■ EXERCISE GOAL
Restate, word for word and with no pictures, the stretch of lines in the data below that begins at the line with "Slaapkamer Lamp Philips" and ends at the line with "Další hra s", inclusive.

■ INPUT
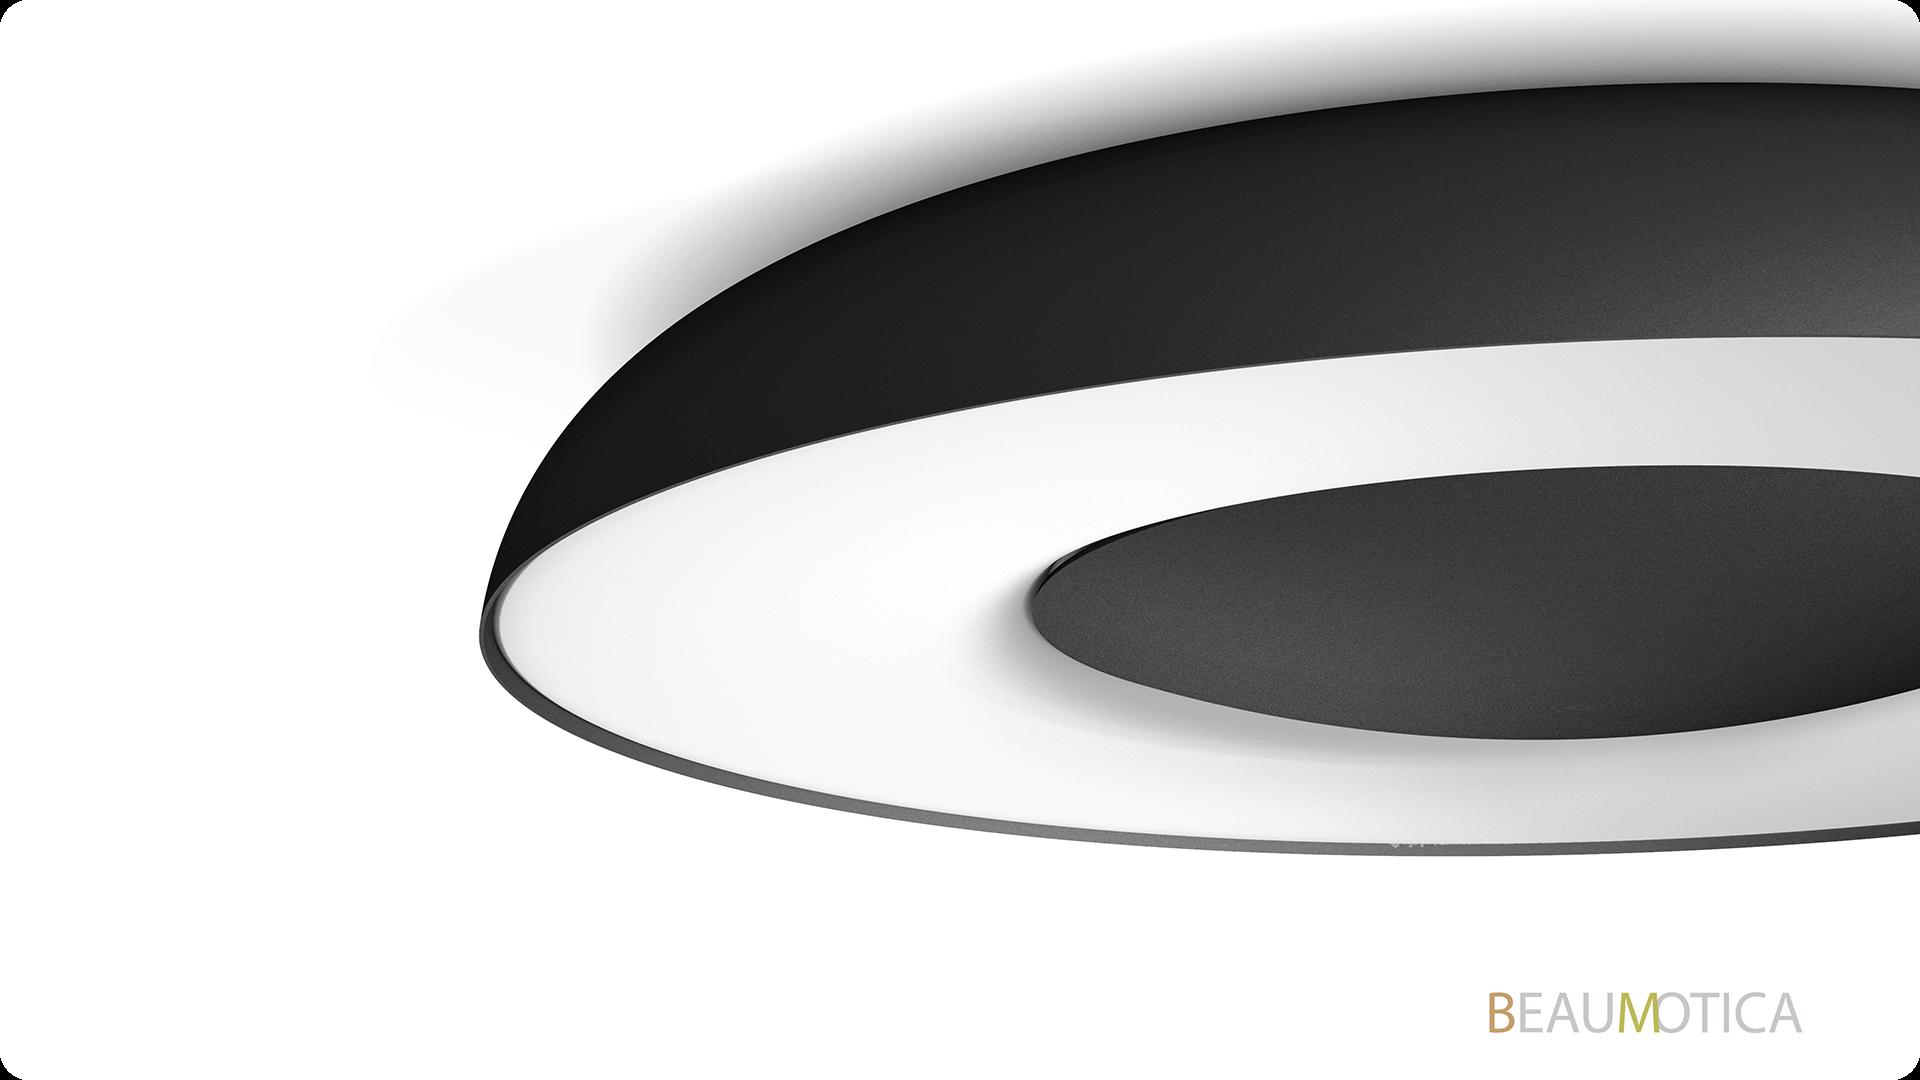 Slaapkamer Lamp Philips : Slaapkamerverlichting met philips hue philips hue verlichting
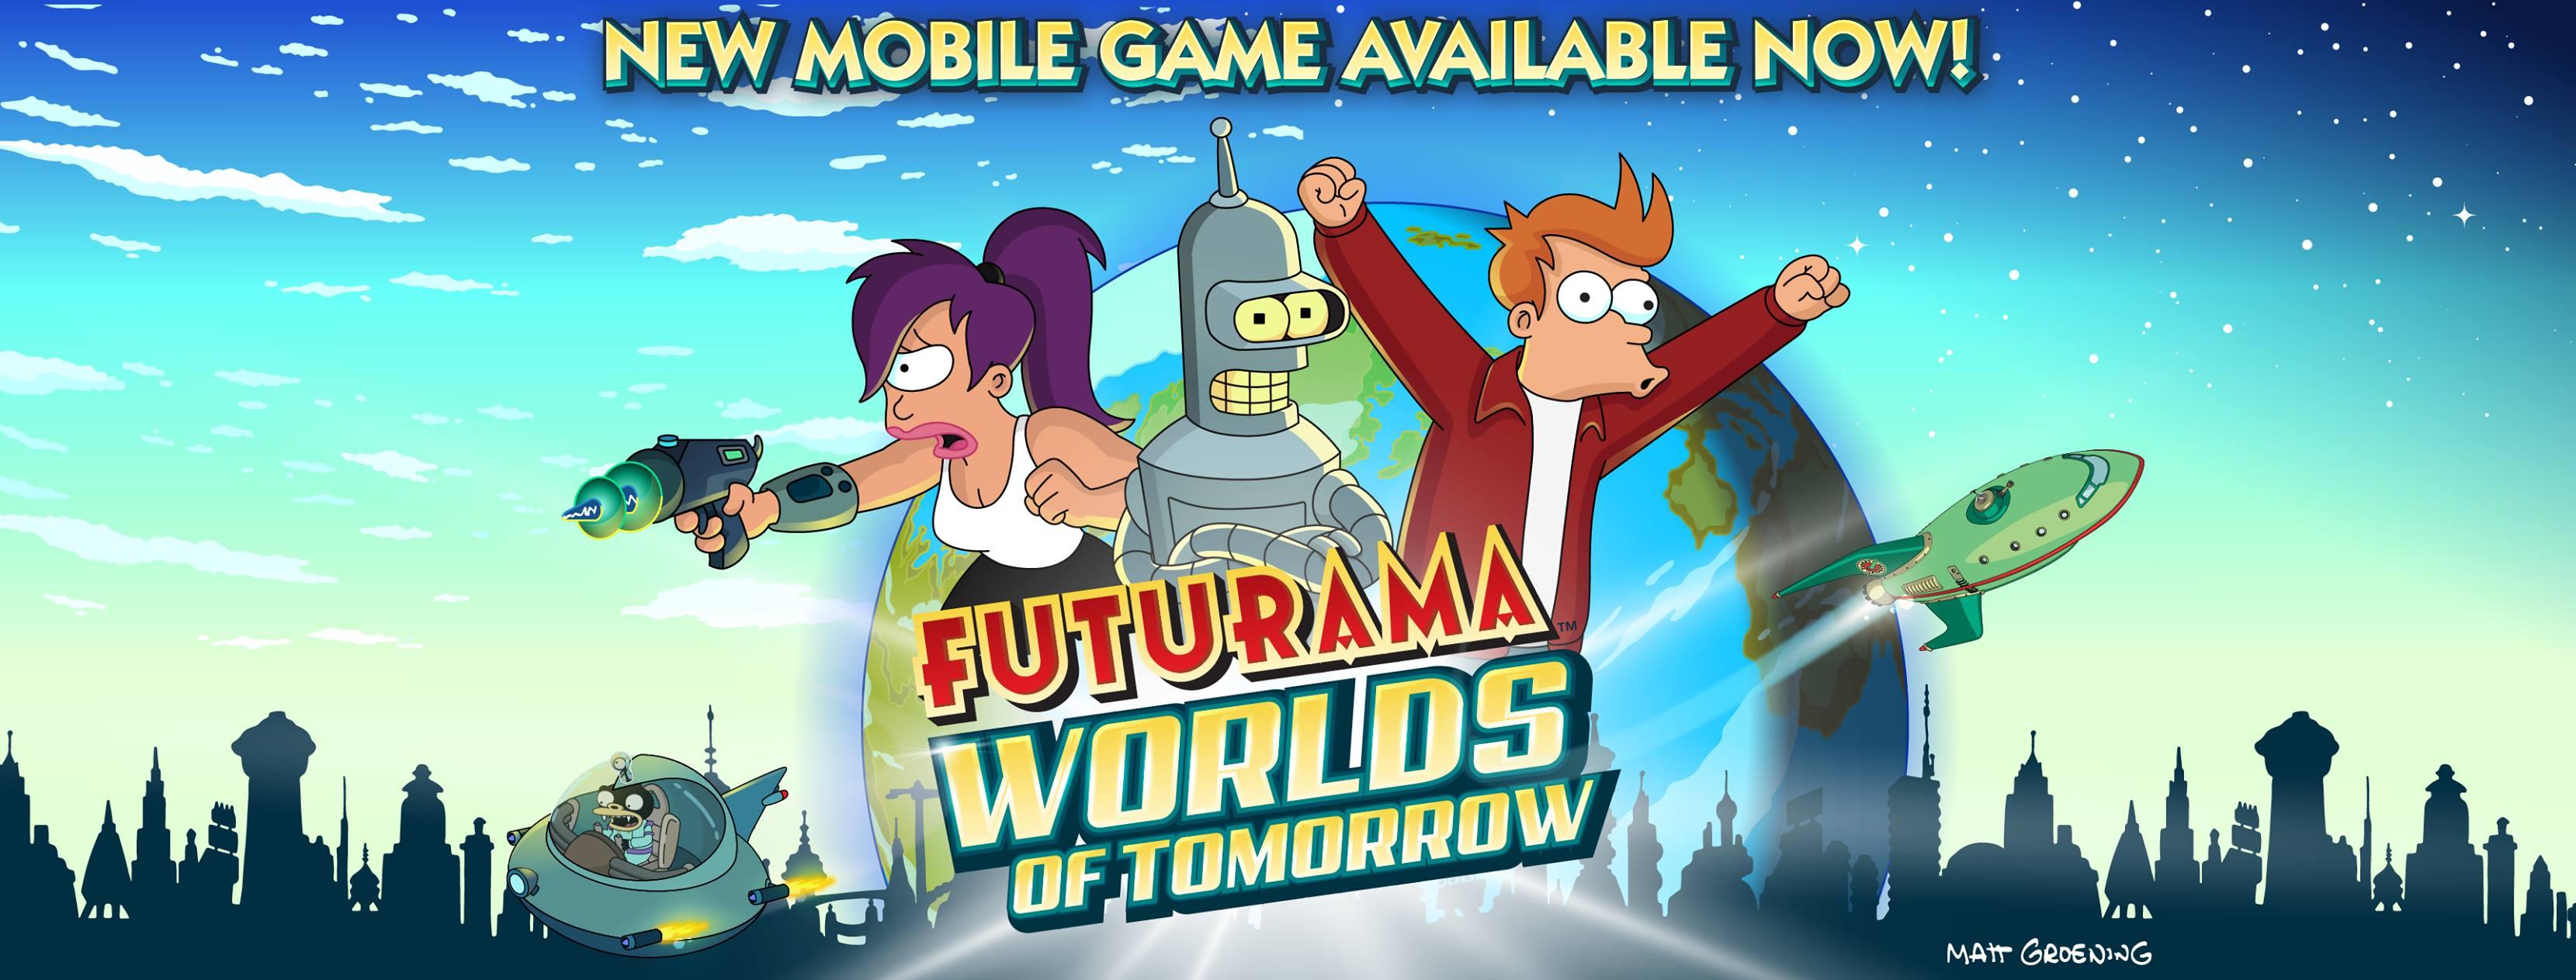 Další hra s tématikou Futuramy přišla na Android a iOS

==

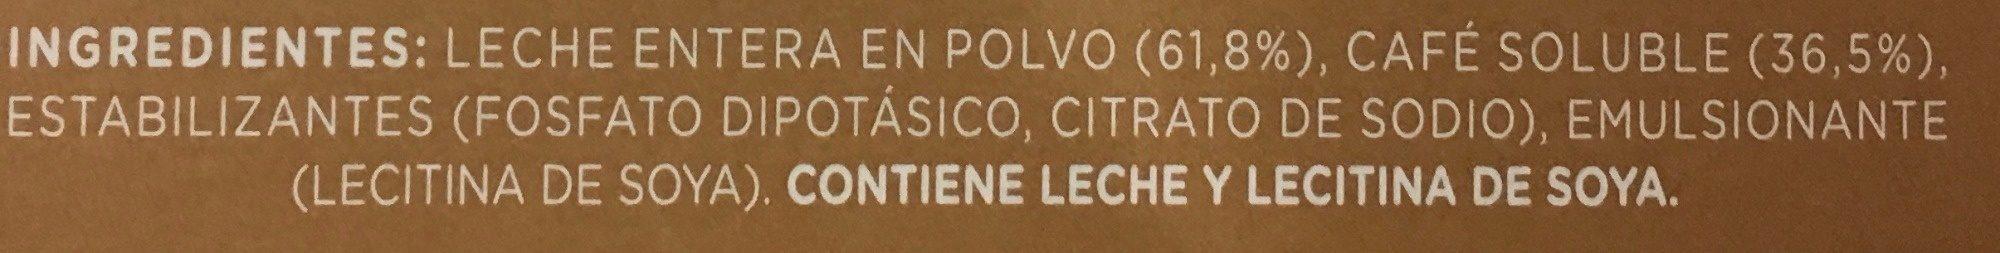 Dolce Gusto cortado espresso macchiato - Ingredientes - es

■ WRITTEN RESPONSE
 Slaapkamer Lamp Philips : Slaapkamerverlichting met philips hue philips hue verlichting
 Další hra s tématikou Futuramy přišla na Android a iOS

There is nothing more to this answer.